We assume a route planning software package is installed in each EV in this work, and the software package can compute the time to reach a designated location to assist in determining if a future battery power shortage will occur. Meanwhile, a charging planning method for a moving EV as shown on the left in Figure 1 is proposed in this work to check the battery status and select the most suitable charging option online if a battery power shortage is detected. Notably, a fuzzy logic inference system is employed to select the charging point. Three parameters are used as the inputs to the fuzzy logic system. The three parameters are recharging electricity price, extra traveling distance required for passing by the charging point, and the time required for recharging. The fuzzy logic technique is adopted here because it has been used as a powerful tool for controlling processes that are difficult to model and linearize, and has been shown to provide superior performance in the literature.27,28 The moving EV will select the most appropriate charging point based on the output of the fuzzy logic system. Then the EV will confirm the charging request with the chosen charging point, and the regional grid that the charging point resides at will activate the first stage scheduling during a regular power check procedure during each short time period, as described below.
In practice, the deviation between the predicted data and the real time data is hardly avoided, because of the uncertainty in the renewable power generation, electricity load, and moving EV charging. The real-time operation state and scheduled power need to be changed significantly from the day-ahead schedule, if the deviation is relatively large. Thus, a real-time power tracking module as shown on the right in Figure 1 is employed to reduce the net exchange power deviation caused by the forecast errors.
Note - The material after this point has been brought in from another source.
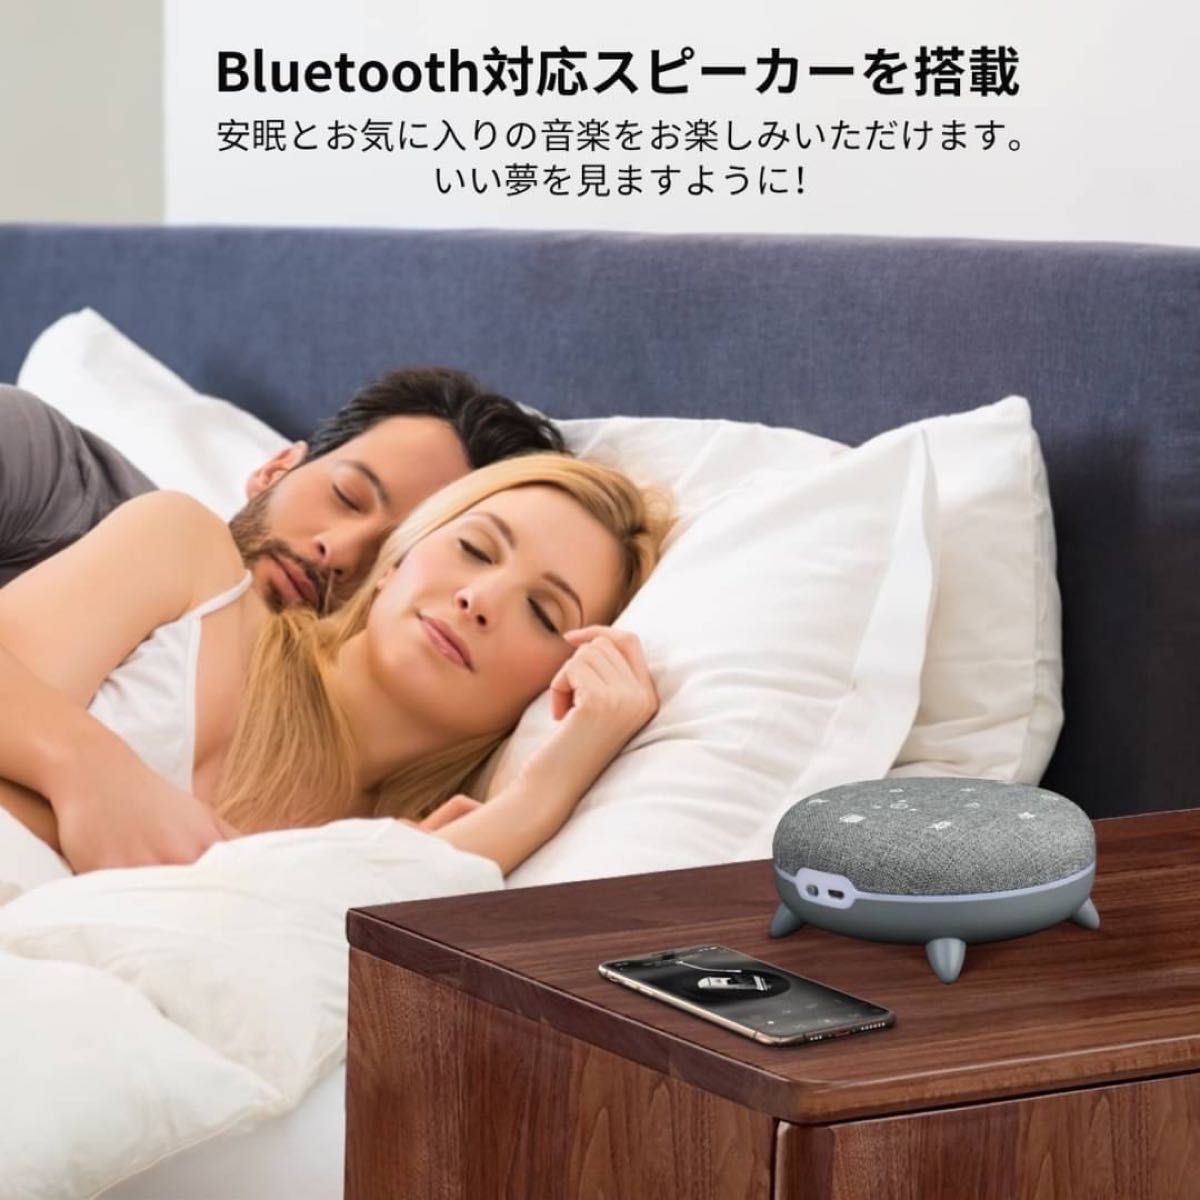 ホワイトノイズマシン スピーカー Bluetooth リラックス 快眠 安心 夜泣き 寝かしつけ 心地よい 穏やか 自然

It was reported in the literature that TCLs consume a large portion of the total electrical energy, ranging from 40% to 50% of the energy consumption for commercial buildings and 20% to 36% of domestic consumption in different countries.20,29,30 TCLs are typical flexible loads for three reasons. First, the human comfort zone is not a point but a range. Second, heating or cooling a house can benefit not only present but also adjoining subsequent hours because thermal insulation enables houses to store heat. Third, research in the field of indoor comfort is showing that lower winter temperatures (20°C) and higher summer temperatures (up to 25°C) can maintain comfort levels acceptable to most occupants, depending on other aspects of the residence/building, relative humidity, and the occupants’ tolerance levels. These three features make TCLs promising demand response resources.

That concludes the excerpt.